About 248 households in Puakha have installed electric fencing in 2017 - 18

Human-wildlife conflict irks farmers in Punakha

The villagers in Dompala in Limbukha and Kabisa gewog in Punakha said that while human-wildlife conflict was always a problem in the villages, the problem got worse this year.

  The farmers in Dompala, one of the two chiwogs in Limbukha gewog that is yet to get electric fencing for their fields said that without two people, it is difficult to guard a paddy field against wild boars, monkeys and deer.

 A farmer, Nidup Wangdi, 68, from Dompala, a community of 21 households said that in the past years, they don’t have to guard their fields that often and even if they had to, a single person can guard the entire field at night. 

 “We now have to guard our fields from monkeys during the daytime and from wild boars and deer at night,” he said.

 Limbukha chiwog in the gewog first installed the electric fences about three years ago. A year later, Nabched and Omtekha installed the fences.

“When a village installs electric fences then the wild animals starts to get into the fields in nearby villages that don’t have electric fences and this is happening to our village now,” Nidup Wangdi said.

Despite not having electric fences, he said that Gumkarmo do not face human-wildlife conflict as much as the villagers in Dompala do because the chiwog is near Khuruthang town. “Our tshogpa said our electric fence would arrive soon. We hope this would address the issue.”

In 2015-16, about 42 households in various gewogs in Punakha had installed 14 kilometres (kms) of electric fence. The next year, about 85 households installed 44 kms of electric fences.

 Another 248 households installed electric fence of 94 kms in 2017 -18.
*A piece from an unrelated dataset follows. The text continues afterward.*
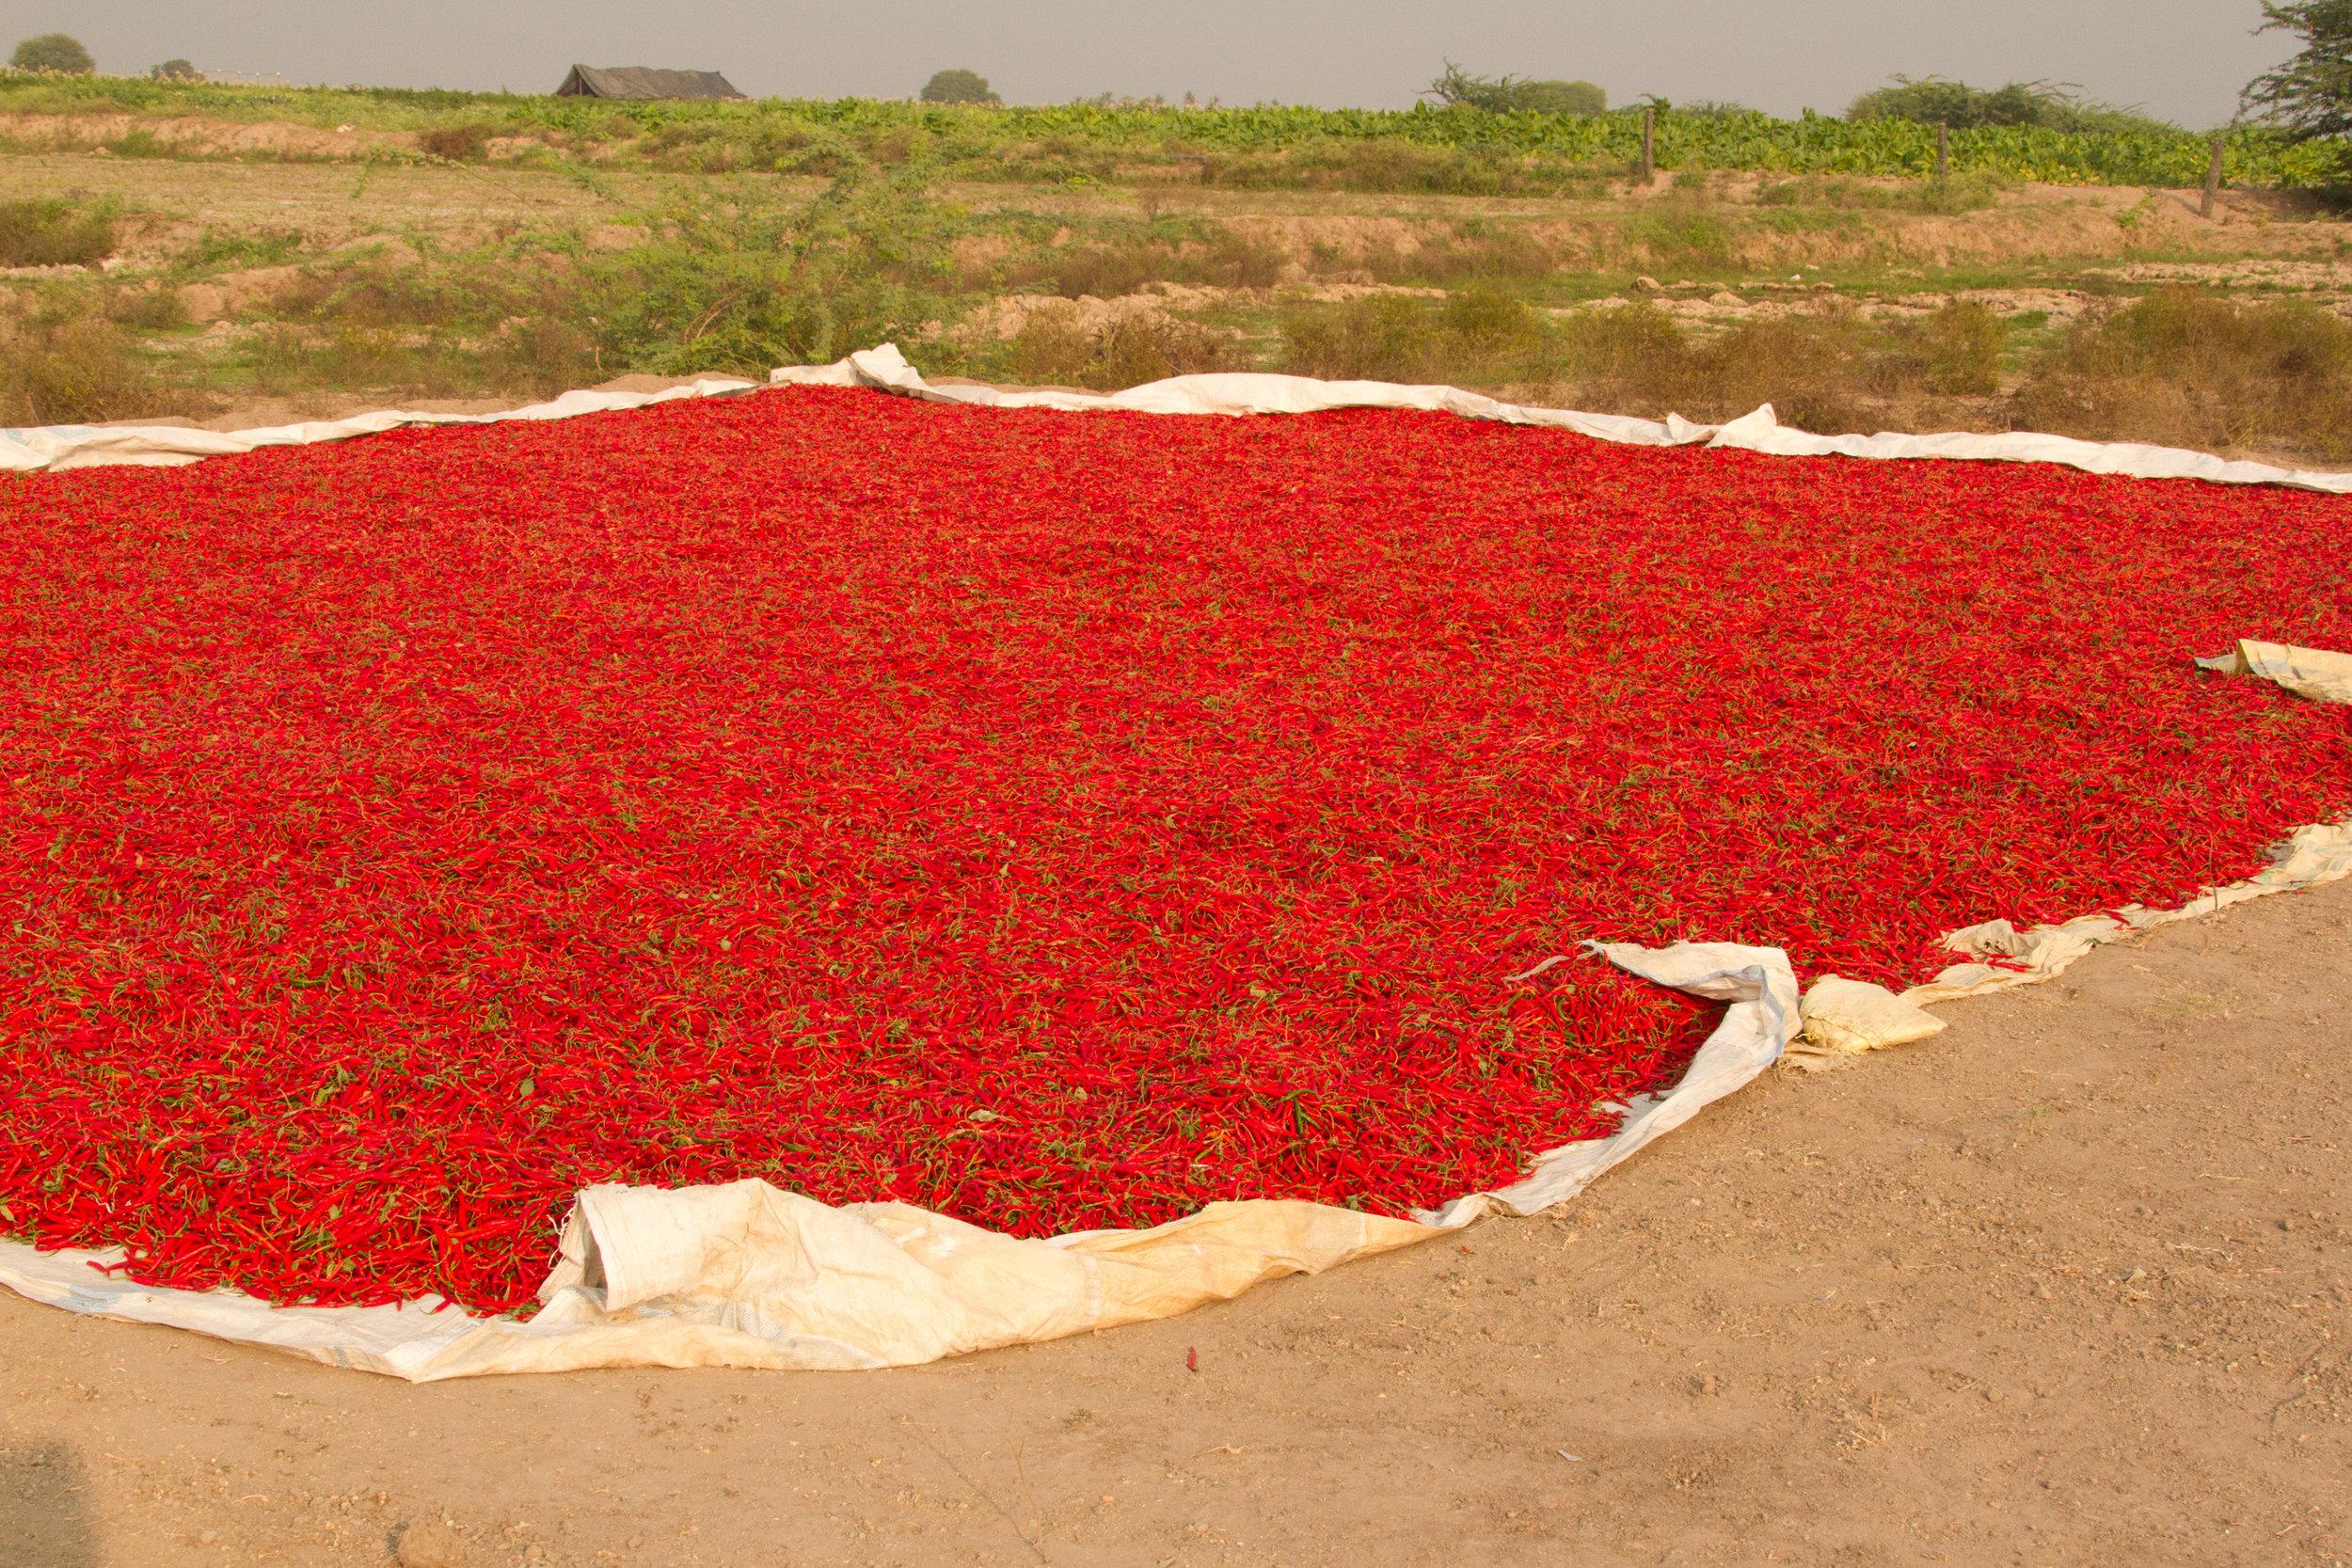 Vinukonda red peppers drying

A 75-year-old woman from Dompala, Chenzo, said that unlike in the past, her family had made huts in various places around their field this year. “Majority of the family members have to go guard the field at night and we hardly have anyone sleeping at home.”

She said that the wild boars came in a group and people cannot scare them away.  “Those guarding the fields spend sleepless nights calling one another nearby for help to scare the wild boars away.”
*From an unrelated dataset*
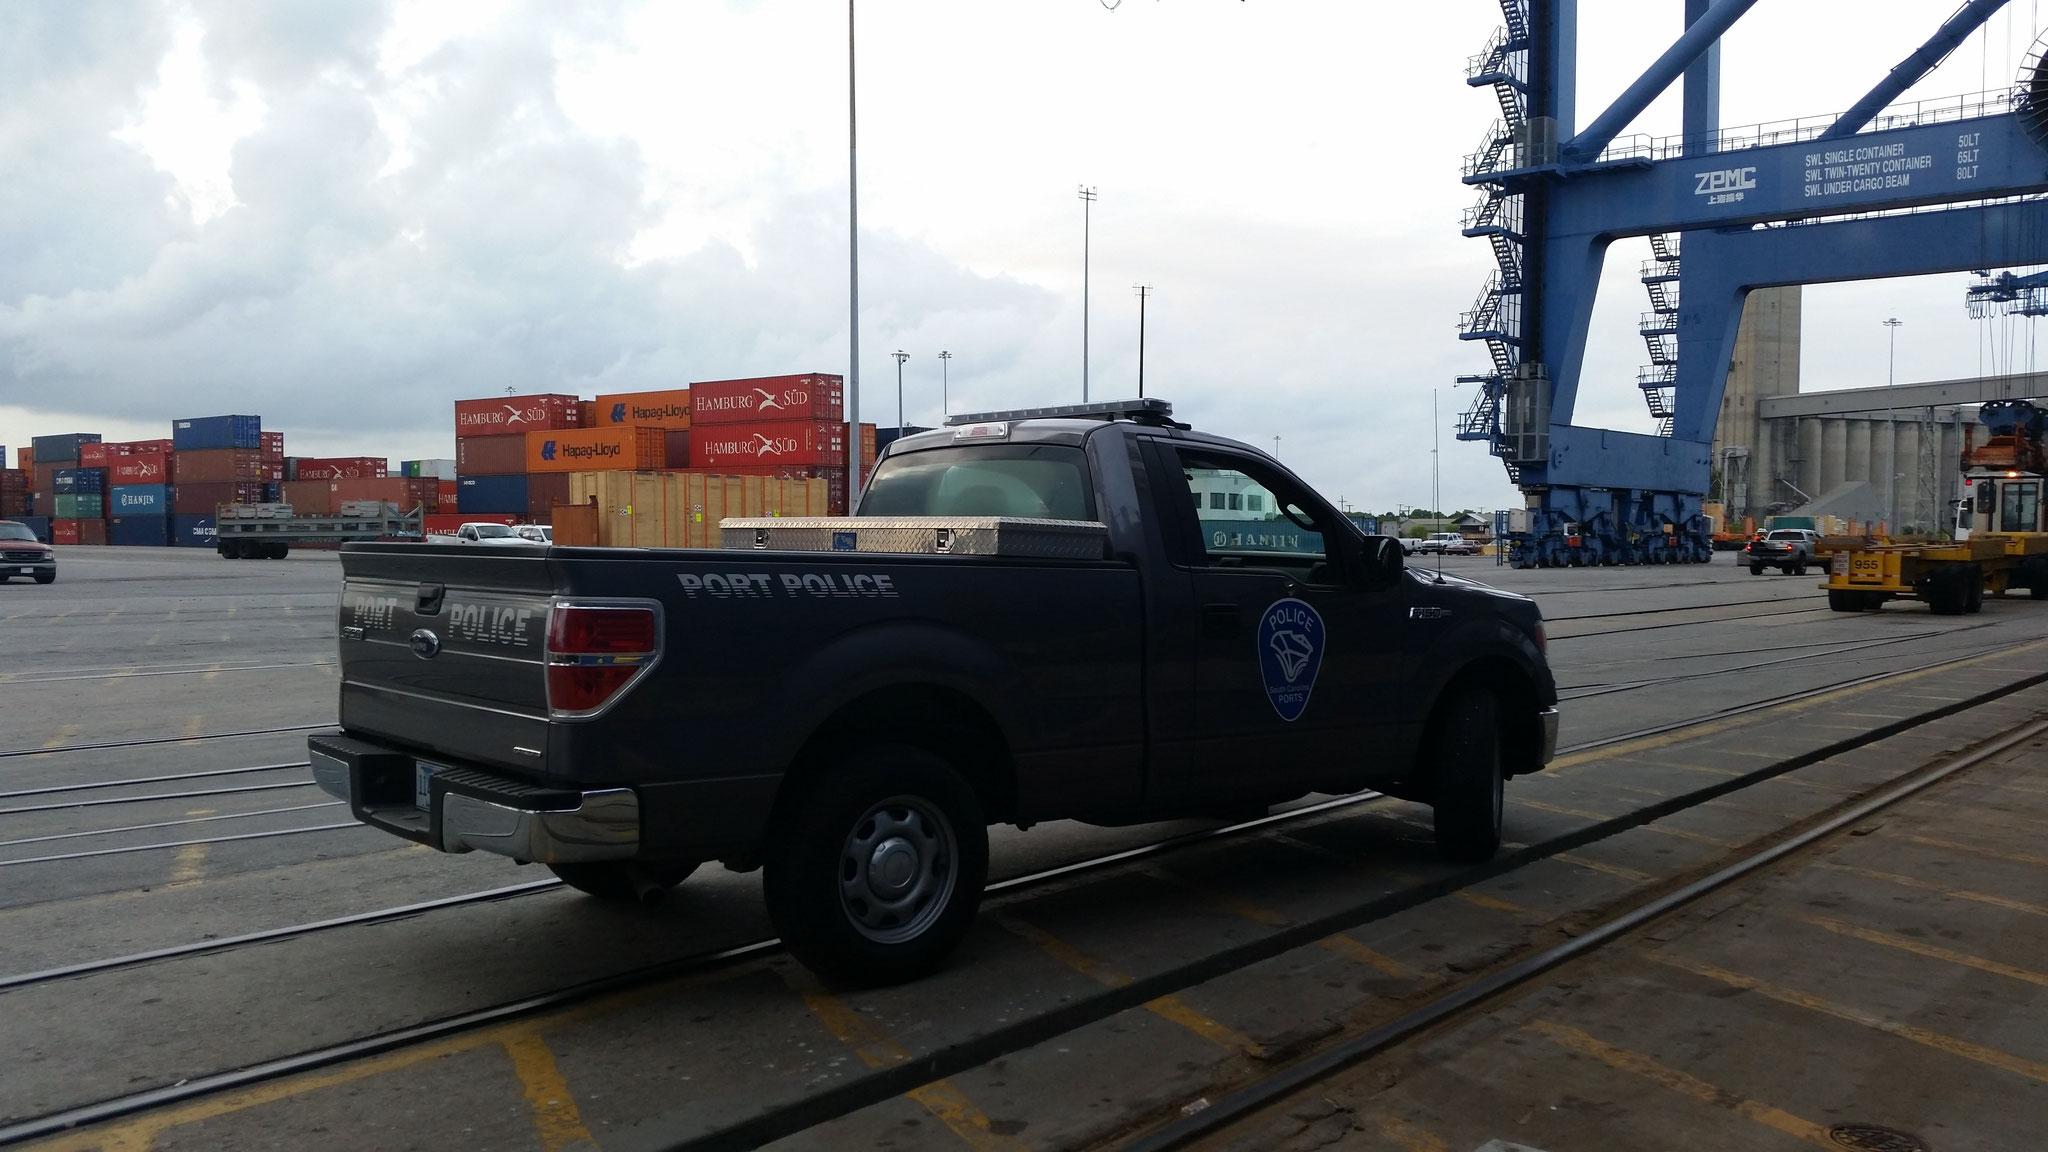 kaum waren wir von Bord und warteten auf unser Taxi, kam auch schon die Port Police mit Blaulicht angesaust. Wir hatten keinen Helm auf. Hmmm...also ich bezweifle, dass wenn ein Container rutnerfallen sollte, ein Helm das Leben rettet

“Most of our yields have been eaten by the wild animals now,” she said with a sigh. “I cannot sleep when my children go to guard the fields at night. I am worried that the wild boars would hurt them because they are not scared of people anymore.”
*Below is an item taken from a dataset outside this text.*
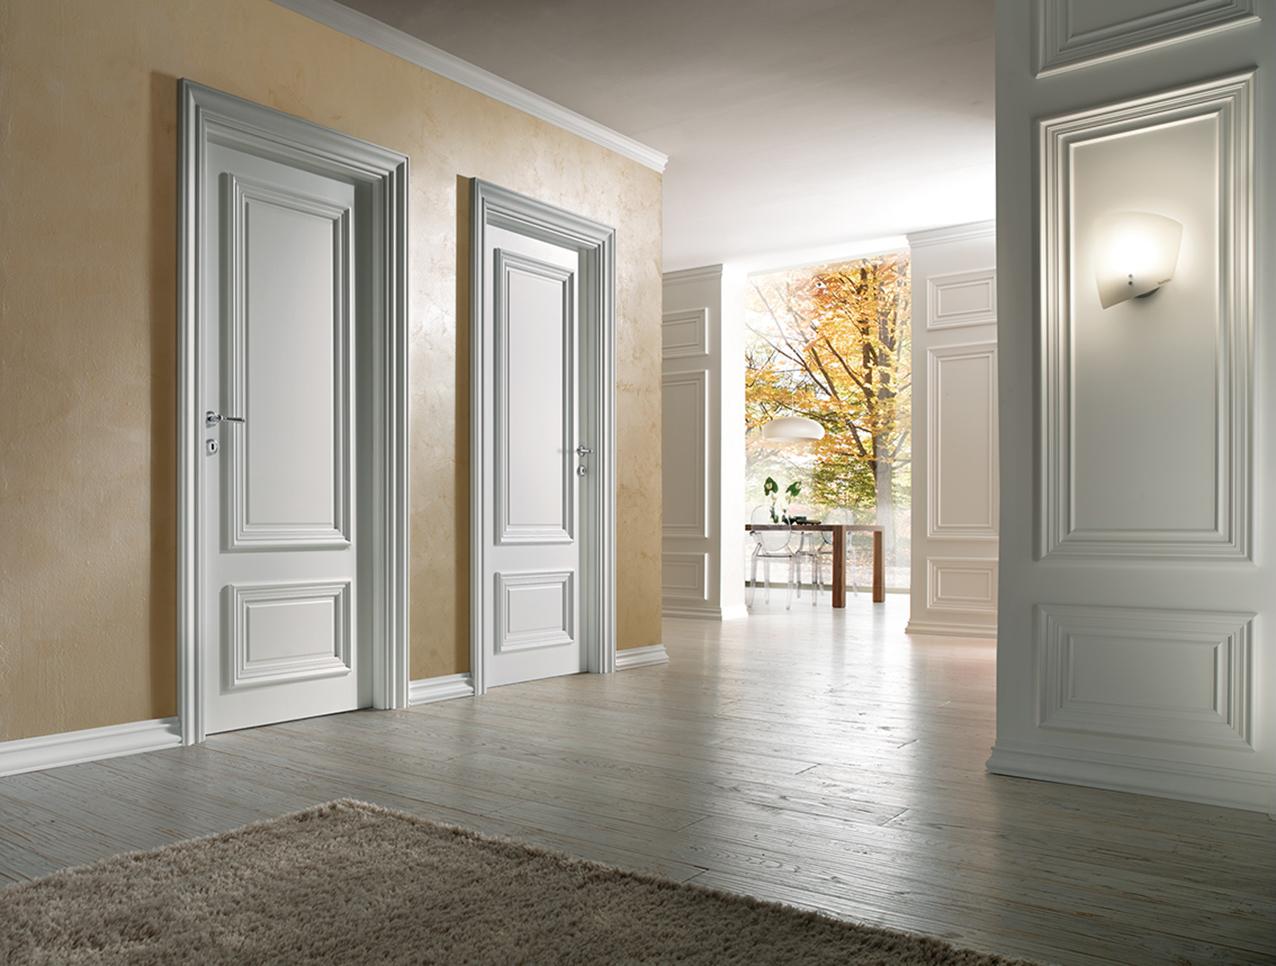 Vendita porte e pavimenti in laminato a Brescia

Chenzo said that during daytime, the villagers have to lock the houses and guard their fields from the monkeys.

Initially, water shortage makes it difficult to transplant paddy saplings, she said. “We need to have at least three men supply water for irrigation of paddy fields.”

“After all the hard work we have put in, our crops are eaten by the wild animals,” she said.

“My children said they don’t want to cultivate paddy next year,” she said. “If we leave our land fellow for a year then it would be difficult to start farming again. If the situation continues, then our ancestral land would remain fallow.”

Some of her neighbours chose to leave their lands fallow, she said.

Namgay Bidha, 49, said the electric fence in her village had greatly reduced the wild animals from entering their fields but the fence cannot block big wild boars who come in a group. “They break the thin wires and get inside.”

She said the area was vast and once a wild boar gets inside the campus, it is difficult to get the animal out.

In the past two years, she said the village did not face much conflict with the wild animals. 

“This year, despite having electric fences, we lost some of our crops to wild animals.”

 A farmer from Wakudamchi in Serigang, Tshering Yangden, said in the past they had to guard their fields against wild boars at night. “Now, we have to guard our fields against the monkeys even during the daytime.”

With limited man power, she said it is difficult to guard the fields.

Of 5,984 households in Punakha, 375 households have electric fencing of 1,069 kms.